Past studies on Botswana’s beef competitiveness omitted productivity and efficiency as measures of competitiveness at the farm level. For instance, a 2006 BIDPA study measured competitiveness at the macro level using trade-related data and aggregate production. But its trade-related indices failed to take into account productivity or efficiency at the farm level.
This ILRI and BIDPA study tried to fill that gap by using the relative profit efficiency approach. A household survey approach was used to collect data in Chobe, Central and Southeast districts of Botswana. The survey assembled detailed information on costs and returns of livestock production encompassing different farm sizes across the selected districts. This information enabled the researchers to identify determinants of profitability, or profit efficiency and policy options to enhance competitiveness at farm level.
The results of the study showed that:
- Education level of the household head significantly affects farmer profit. Well-educated farmers are more efficient than those less educated.
- Farmers travelling long distances to markets to sell their animals are more efficient, this is because farmers hope to get better prices by accessing different markets.
- Farmers who own large numbers of cattle’s are more efficient than those with fewer due to higher gross profit margins they get with larger herds.

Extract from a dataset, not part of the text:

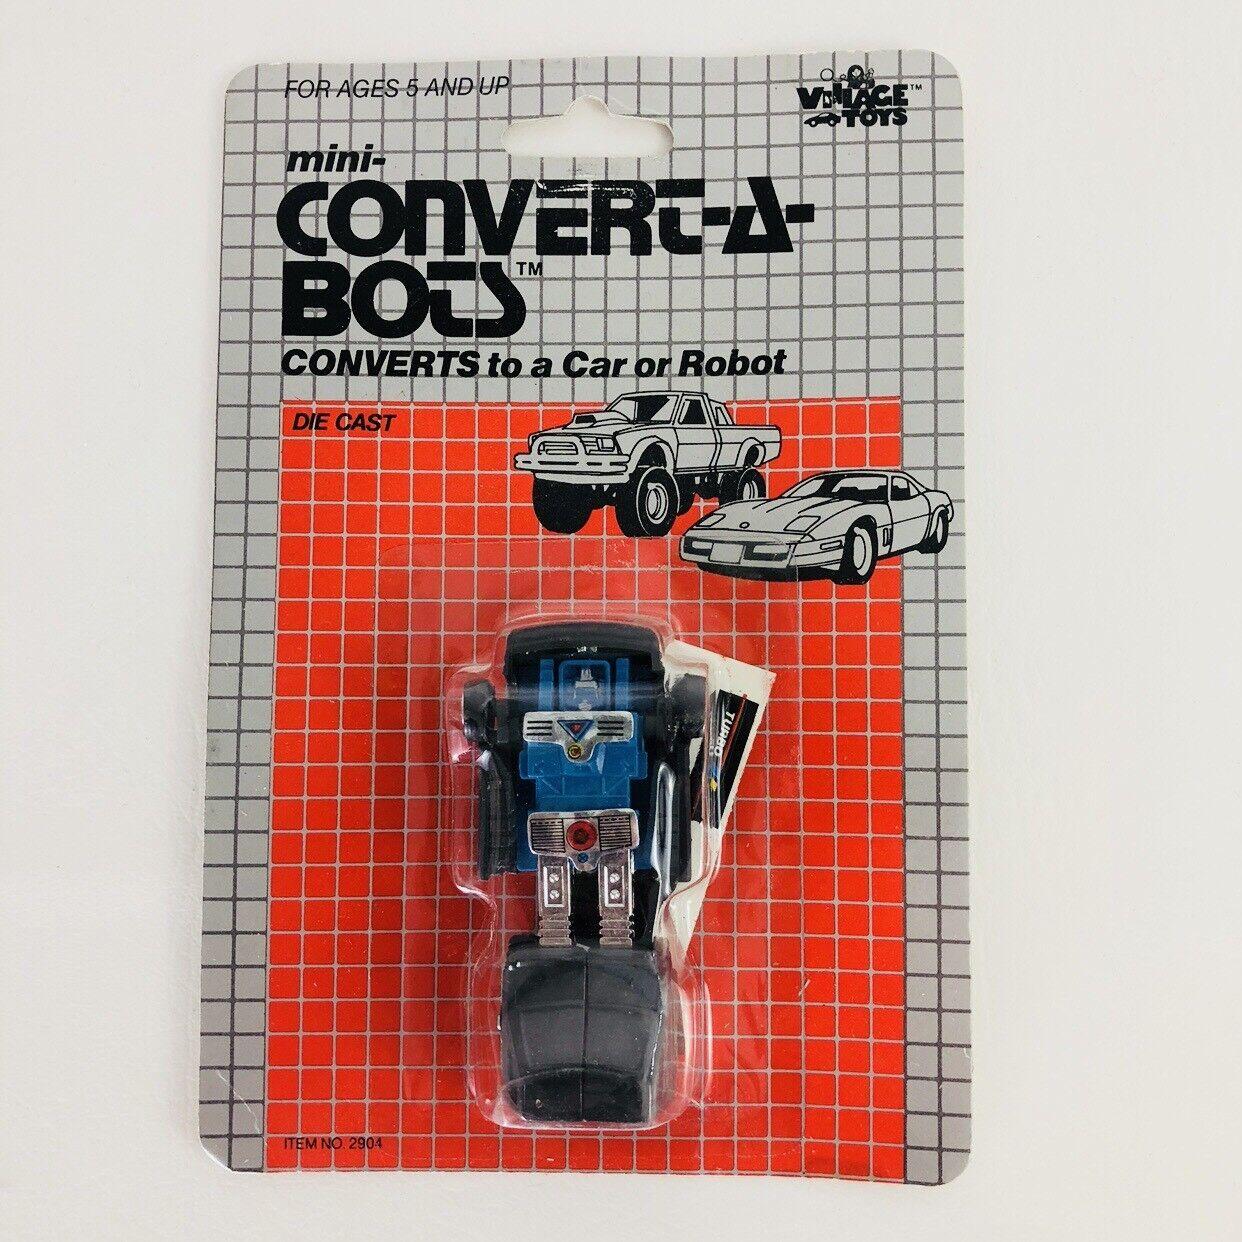 Vtg 1983 Village Toys Congreen A Bot Toy Robot On Card Purple Sedan

- Farmers who earn income from crop production are more efficient than those with none, because this income can be reinvested in livestock farming to increase production.
- Farmers who have access to agricultural information are more effective.
This study identified education, distance to commonly-used markets, herd size, income from crop production and access to information as drivers of competitiveness (efficiency).
It also showed that there is widespread profit inefficiency in livestock production in Botswana due to variability in farm practices. The study says farm profits can be improved by focusing policies on reducing input prices and encouraging beef farmers to engage in fodder production where possible.